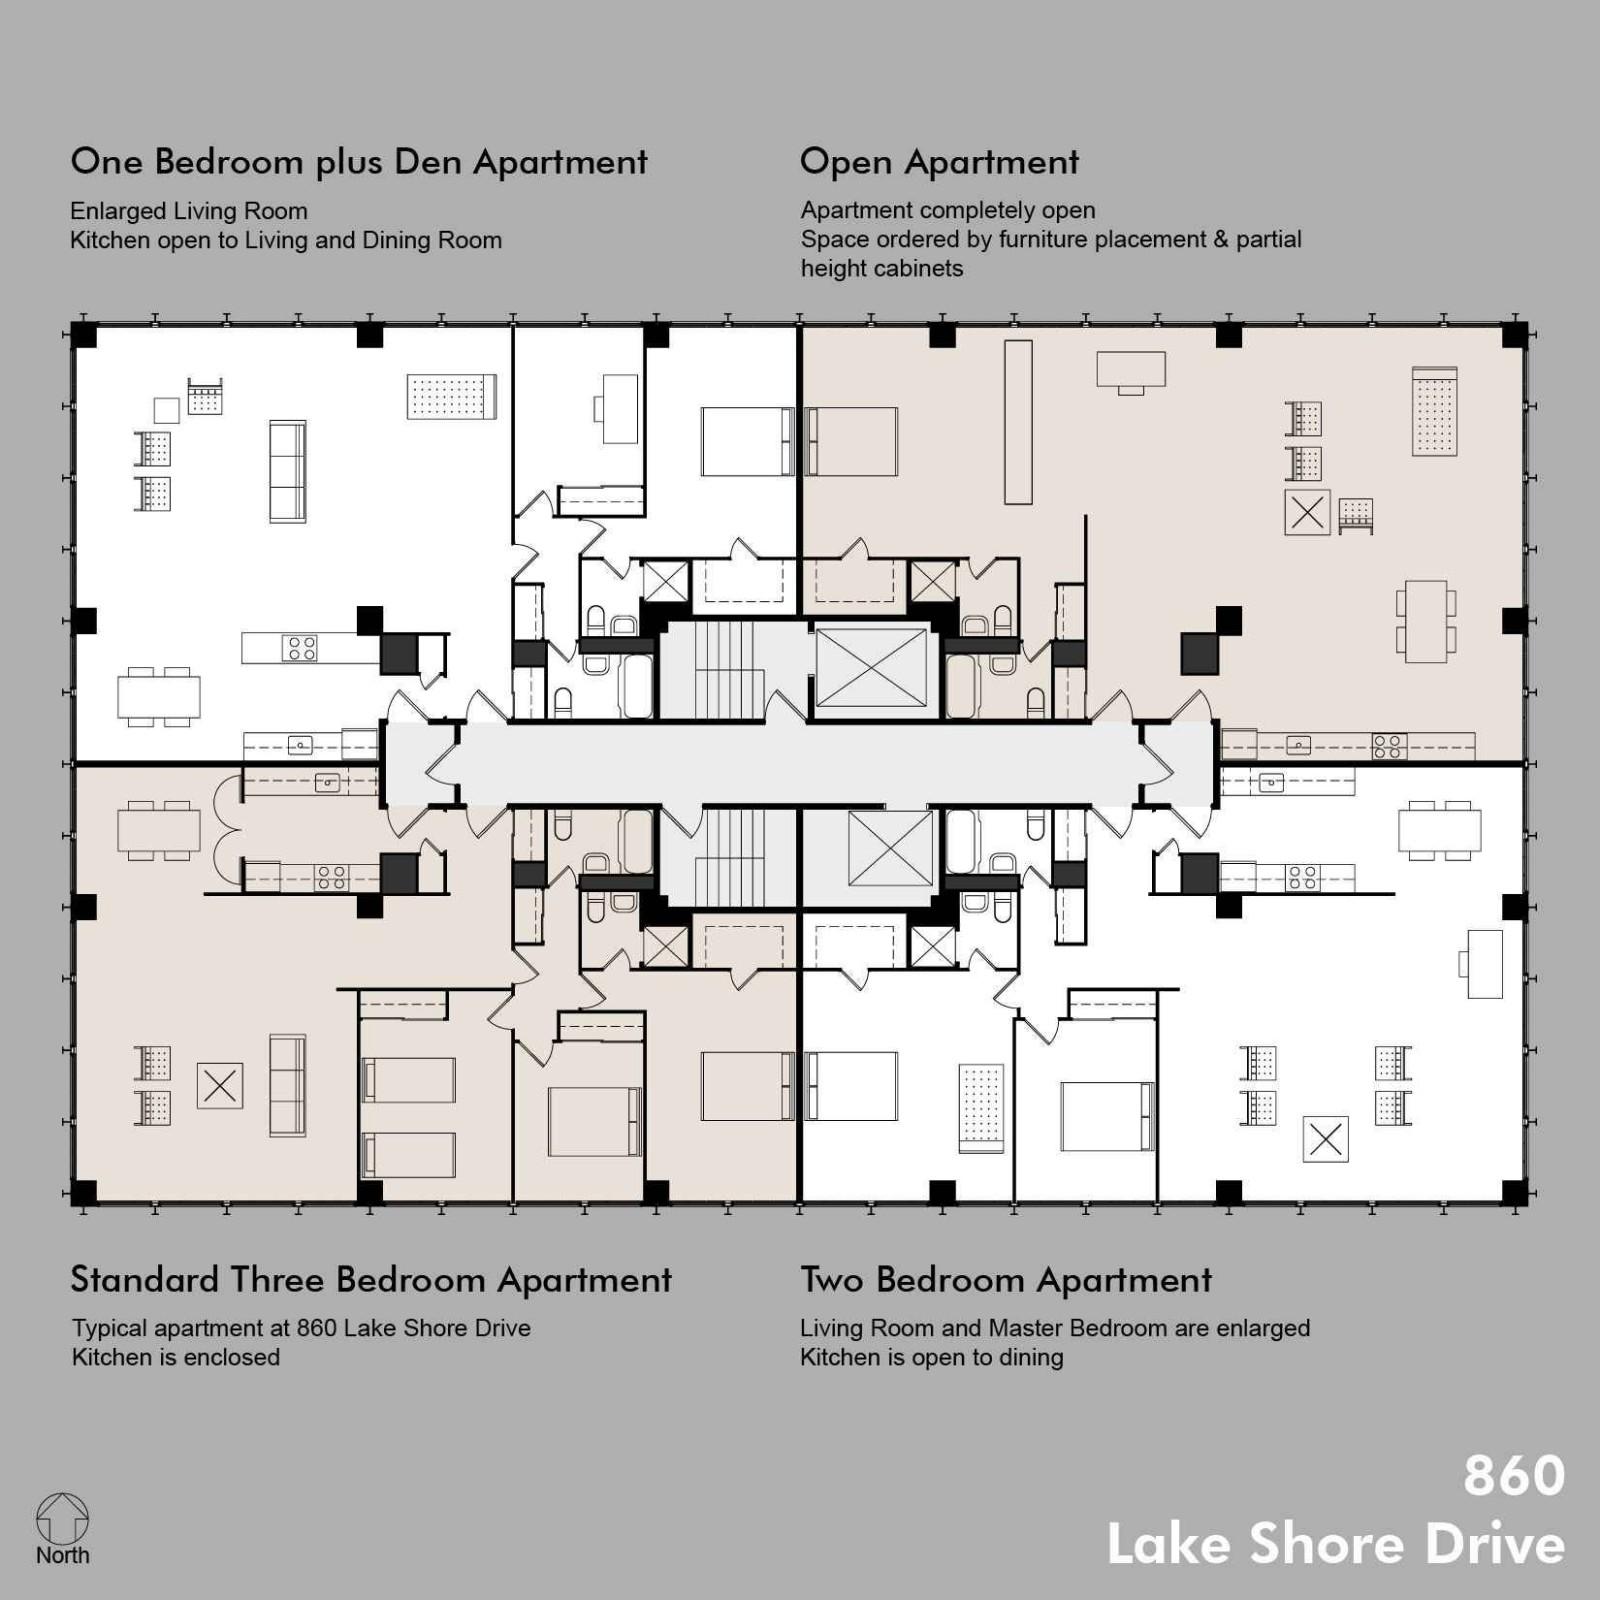 12 Unit Apartment Building Plans and Modern Apartment Design Plans  - Apartment Unit Design
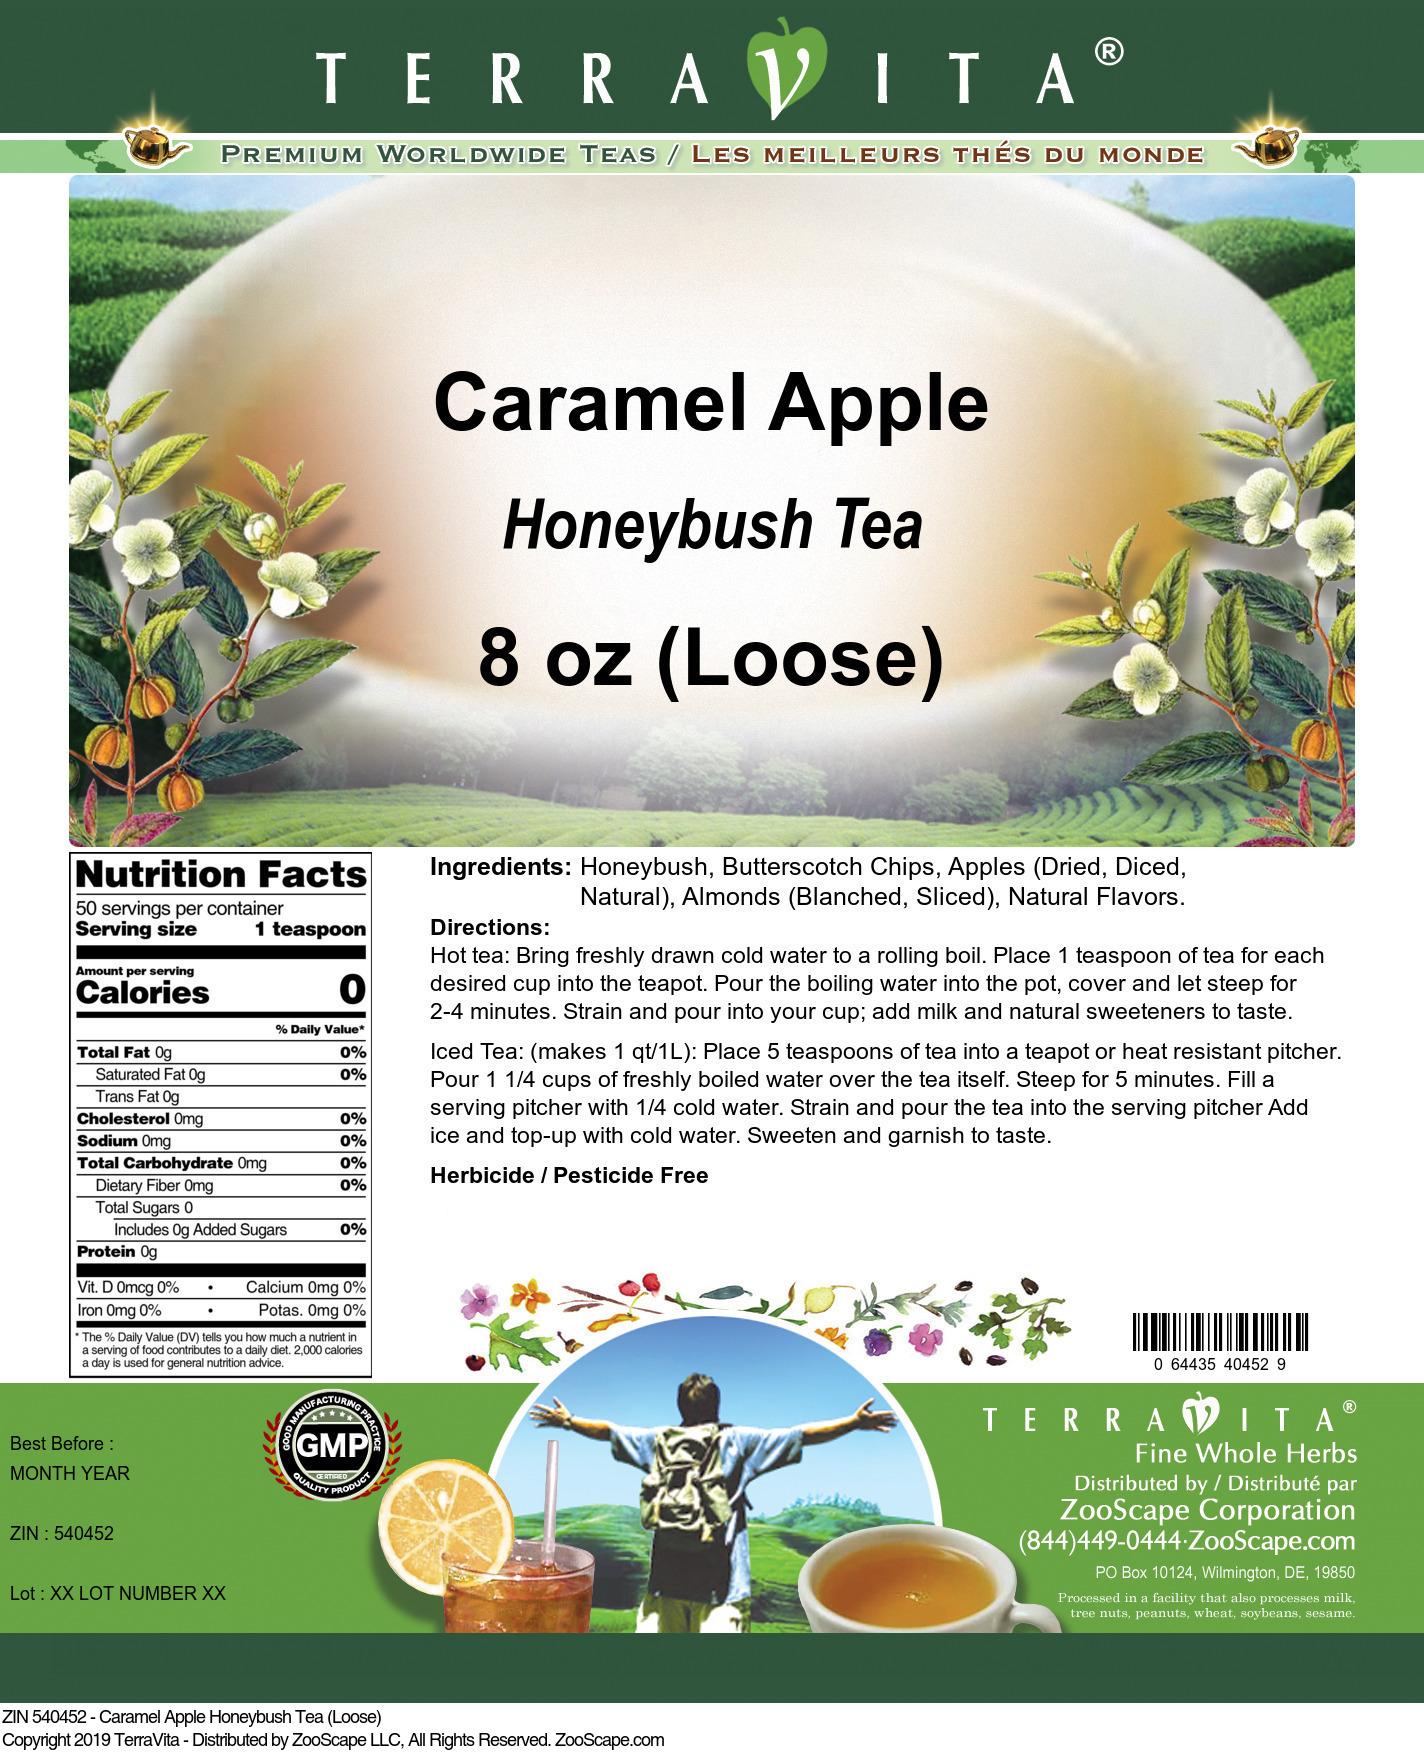 Caramel Apple Honeybush Tea (Loose)
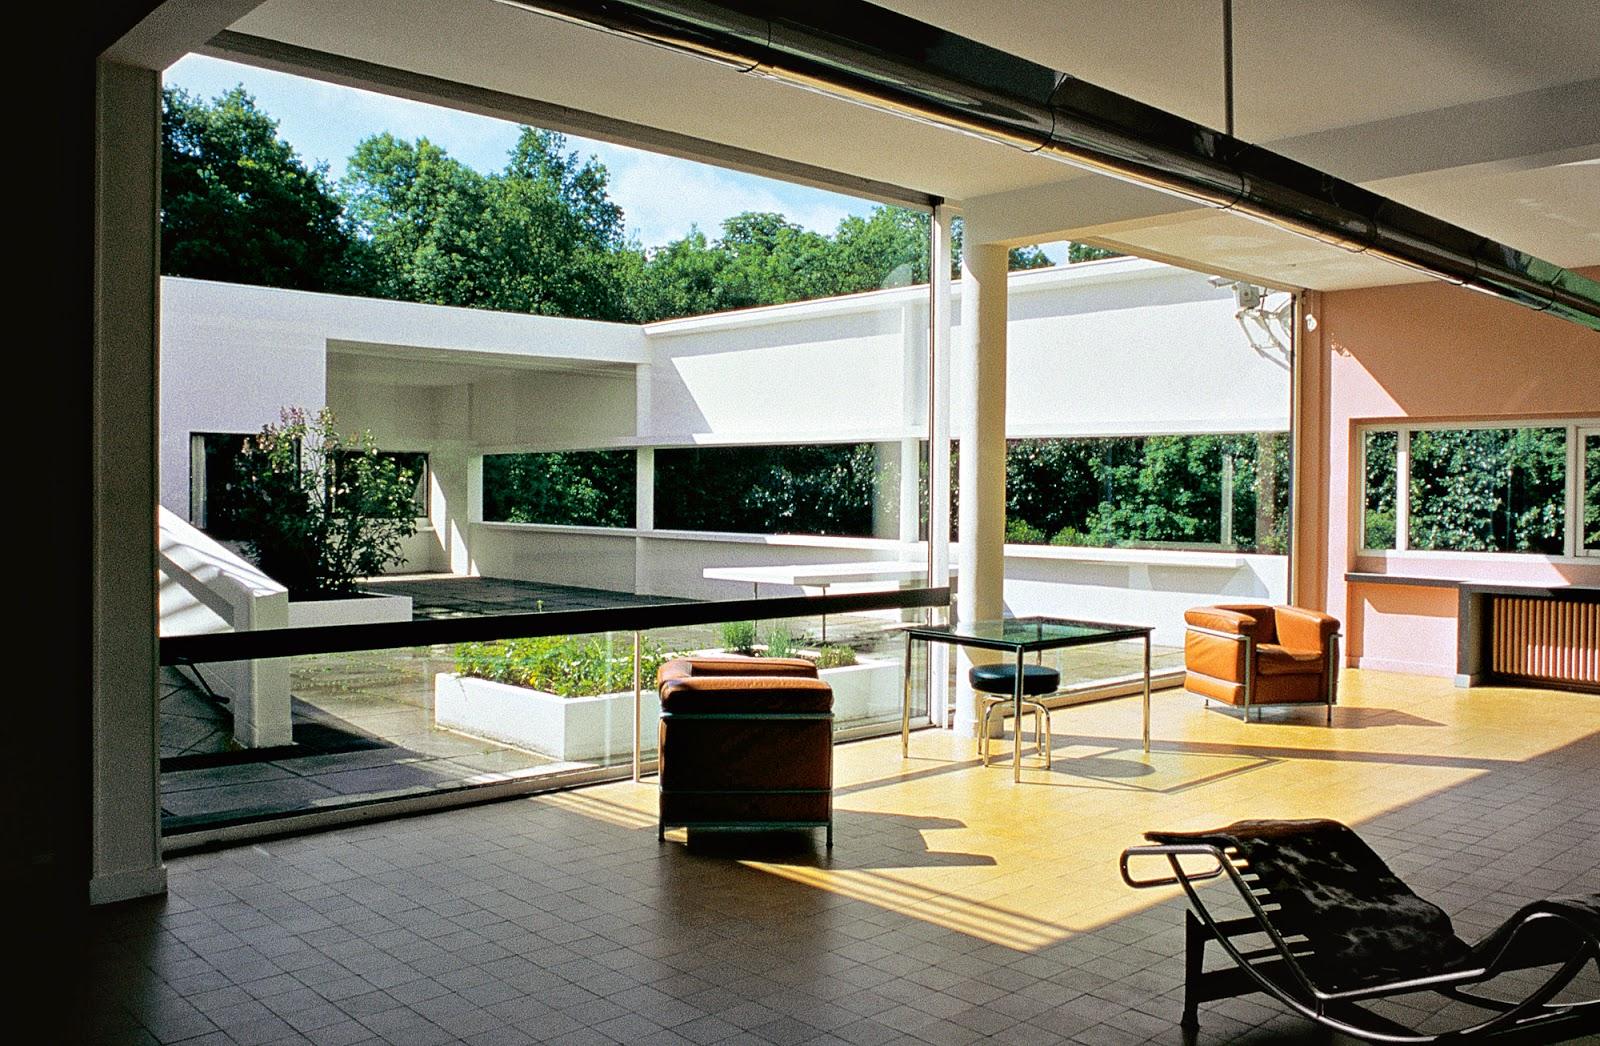 ecomanta le corbusier villa savoye france 39 s modern. Black Bedroom Furniture Sets. Home Design Ideas
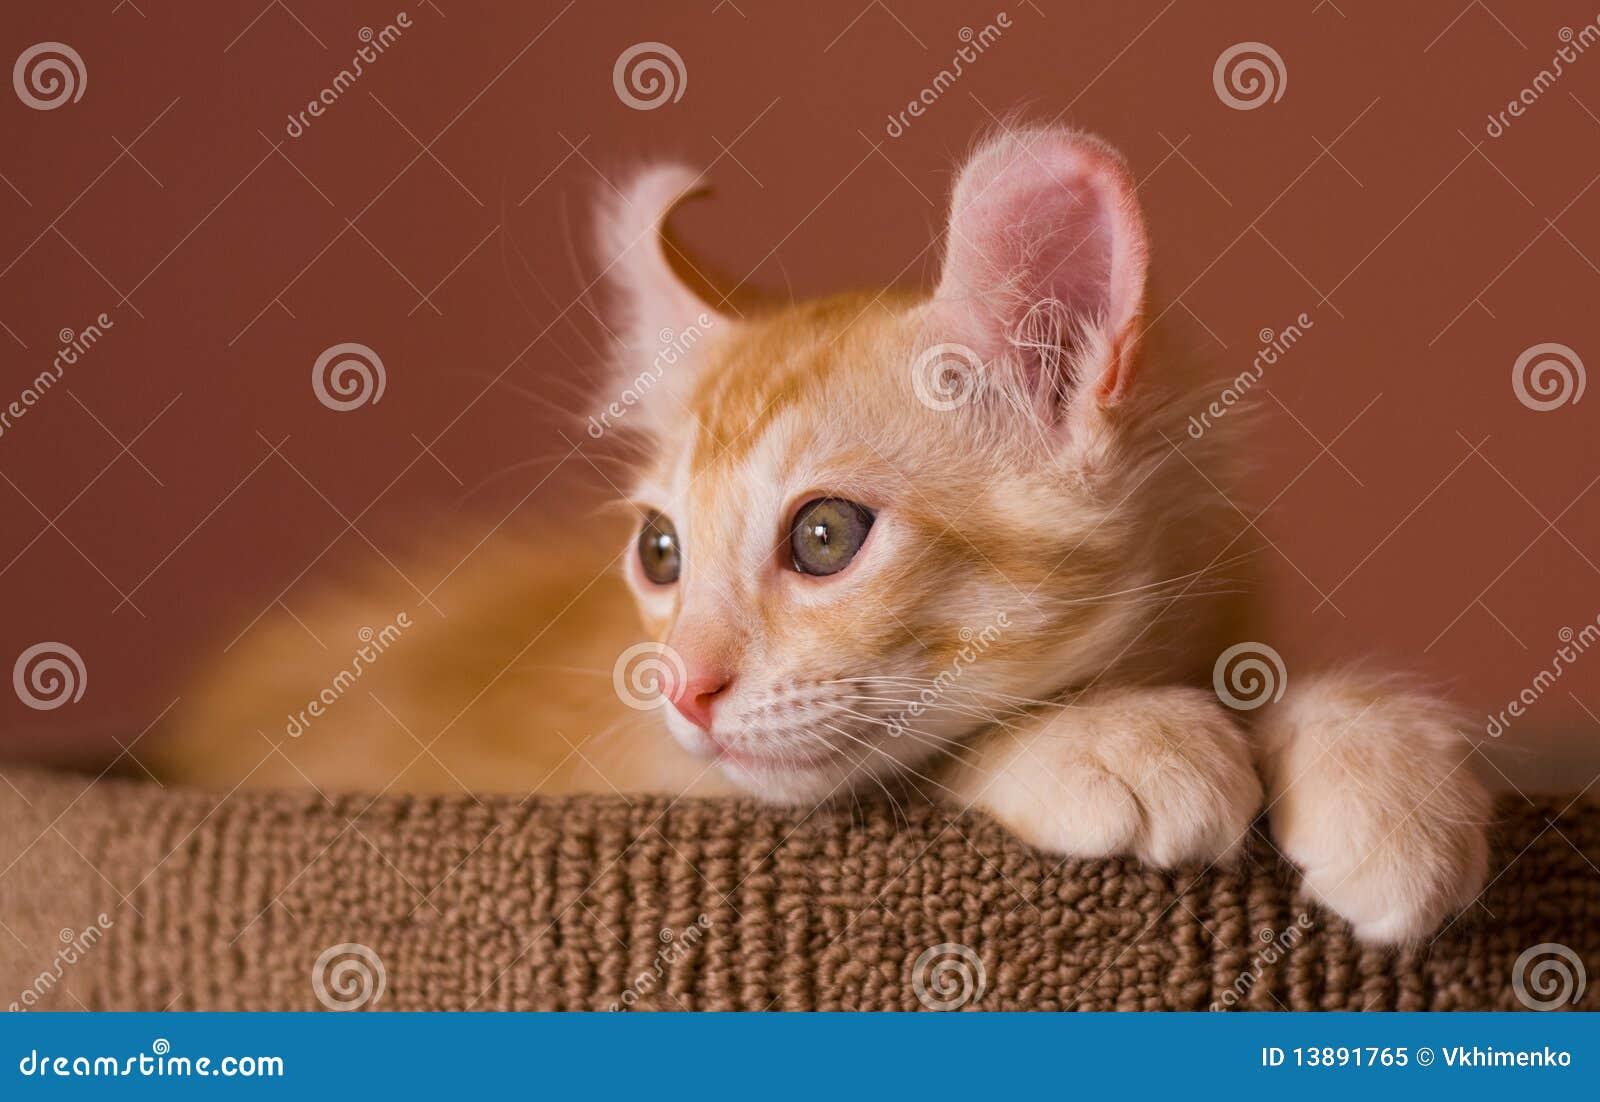 American Curl Cat Cost

Problem:
Copy, without the pictures, exactly the lines from the line with "Caramel Apple Honeybush Tea (Loose)" through the end of the material above, both ends included.

Worked solution:
 Caramel Apple Honeybush Tea (Loose)
 ecomanta le corbusier villa savoye france 39 s modern. Black Bedroom Furniture Sets. Home Design Ideas
 American Curl Cat Cost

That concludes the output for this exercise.